From FID to Structure in 30 Minutes? Investigating the CASE Limiting Step

In yesterday's post I pointed you to an article that has become the most accessed article of all time in the Journal of Cheminformatics, co-authored by representatives of ACD/Labs.

This article is a very comprehensive outline of the different approaches, developments, and successes of the development of CASE (Computer-Assisted Structure Elucidation) systems . I hope you agree that this technology has come a very, very, very long way, to the point that there are many spectroscopists around the world using ACD/Structure Elucidator routinely to identify unknowns in thier labs whether they be natural products, impurities, degradants, metabolites, etc. 

Anna Codina from Pfizer is an example of just one of those users. She has been a long-time user of Structure Elucidator, and one of the very best in the world. She, along with her group, has really stretched the limits and applications of the software and has also been instrumental in the ongoing improvement of this software over the years. 

At SMASH 2009, Anna shared some of her most recent experiences with the software in a presentation entitled, "From FID to Structure in 30 minutes?" This presentation can be accessed here.

For this presentation, she wanted to see whether it was possible to do a full elucidation starting from the raw data, all the way to the solution in less than 30 minutes. She was able to achieve this with several of her in-house Pfizer compounds, and then, for the purposes of this presentation reproduced these findings with compounds she could share in a pubic forum.

In this presentation she goes through 3 such examples.

The most interesting piece for me was her discussion regarding the CASE limiting step in slides 9 and 10.

In an ideal world, we would be talking about completely automated structure elucidation. Of course, we are not quite there yet, but it is still a dream, as Elyashberg et. al refer to it in the J. Chem. Inf. article.

In the meantime, the process generally involves some manually handling of the data. For this process the general principle applies, "Garbage IN- Garbage OUT"

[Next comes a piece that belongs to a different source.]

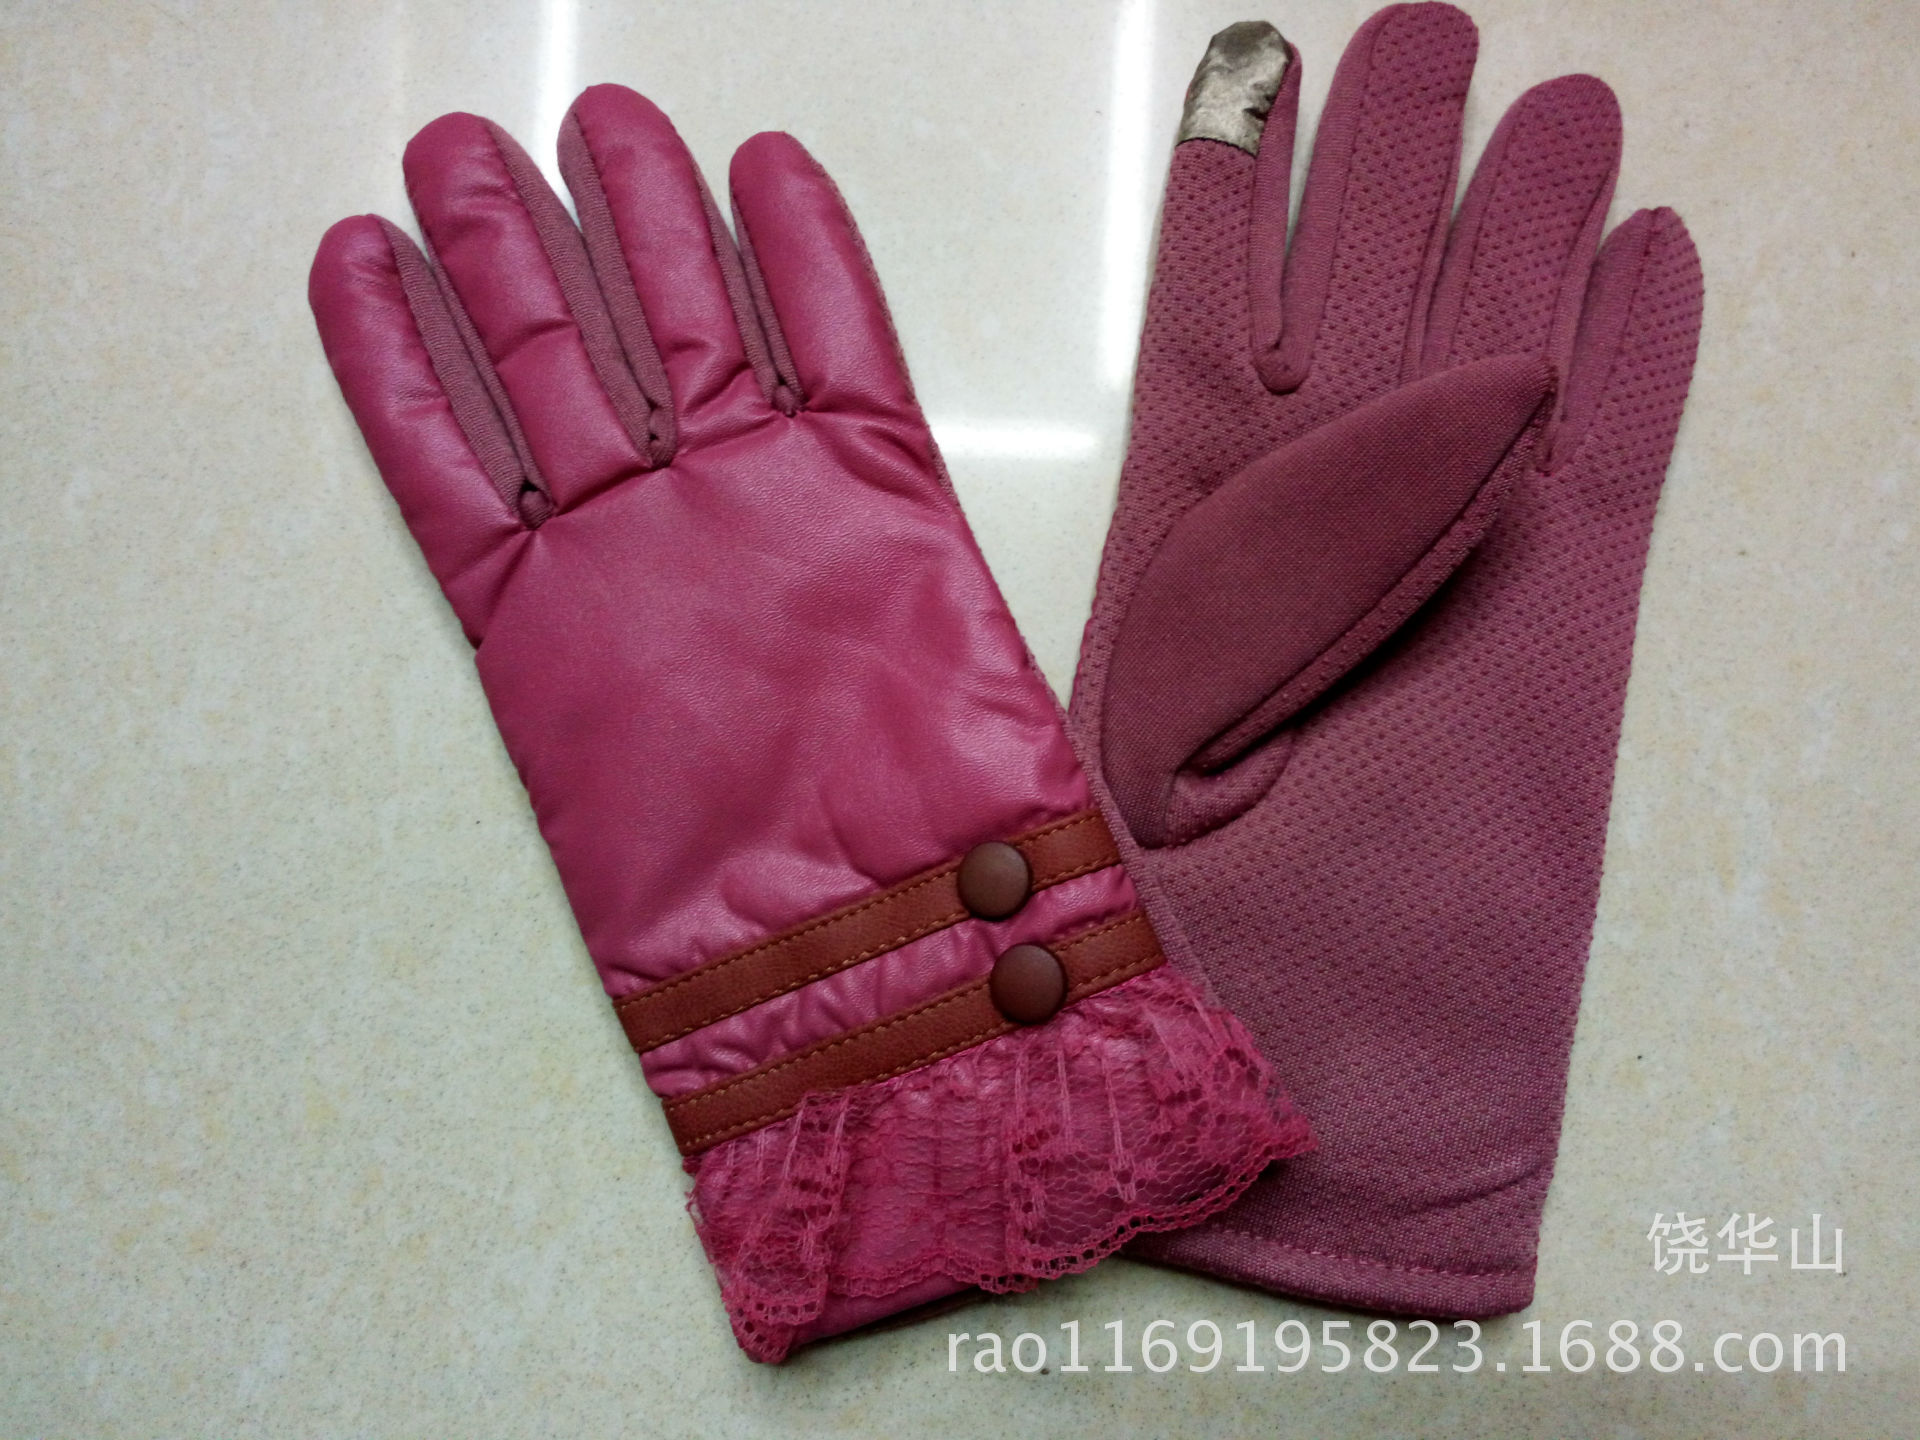 2015 winter warm gloves IMG_20150809_121156

So the quality of data as well as the peak picking of said data is crucial.

The peak picking of multiple spectra is what Anna was referring to as the CASE-limiting step. We have made tremendous strides over the years to simplify this process as much as possible (Check out the demonstration movie here). But the traditional argument seems to still apply for some:

Why would I spend so much time peak picking all my 2D spectra?

By the time I finish picking and grooming the data, I have already solved the structure, so what's the point?

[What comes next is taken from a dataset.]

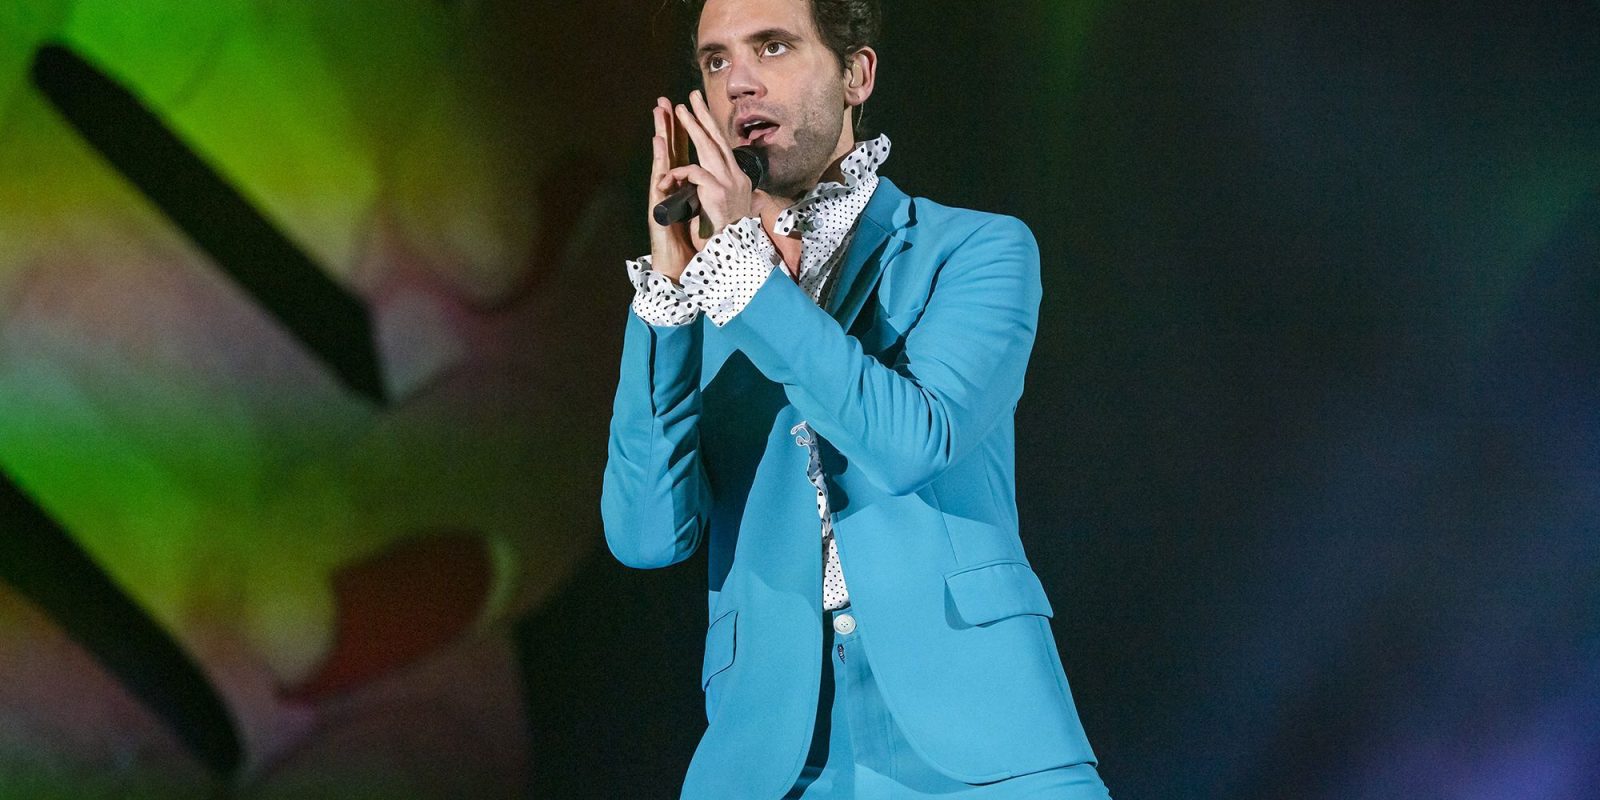 Mika en concert à Padoue en Italie le 1er février 2020.

I will try to address these questions in a different post, but in the meantime, what's Anna's answer?

NMR Workbook, and specifically the NMRSync technology that we developed and released late last year. Note, that NMR Workbook is included with ACD/Structure Elucidator.

Anna proclaims that thanks to NMR Workbook, there is no longer a CASE-limiting step. With syncrhonized peak picking which carries through peak picking applied in one spectrum, to all others associated with the sample, the time spent to prepare the data is drastically reduced and is more consistent with the natural workflow.

For those unfamiliar with NMR Workbook and the NMRSync functionality, I introduced it on the blog about a year ago:

http://acdlabs.typepad.com/my_weblog/2008/12/if-all-of-these-spectra-are-from-the-same-compound-why-am-i-handling-them-all-separately.html

If you want to skip right to the demonstration go here:

http://www.acdlabs.com/products/spec_lab/exp_spectra/nmrworkbook/movie/NMRWorkbookFlash.htm

This product has turned out to be immensely popular and has evolved a long way in just one short year. Admittedly, it's probably been the biggest reason I have not been blogging as much over the past year, I have been touring the world showcasing this product, as well as our other solutions.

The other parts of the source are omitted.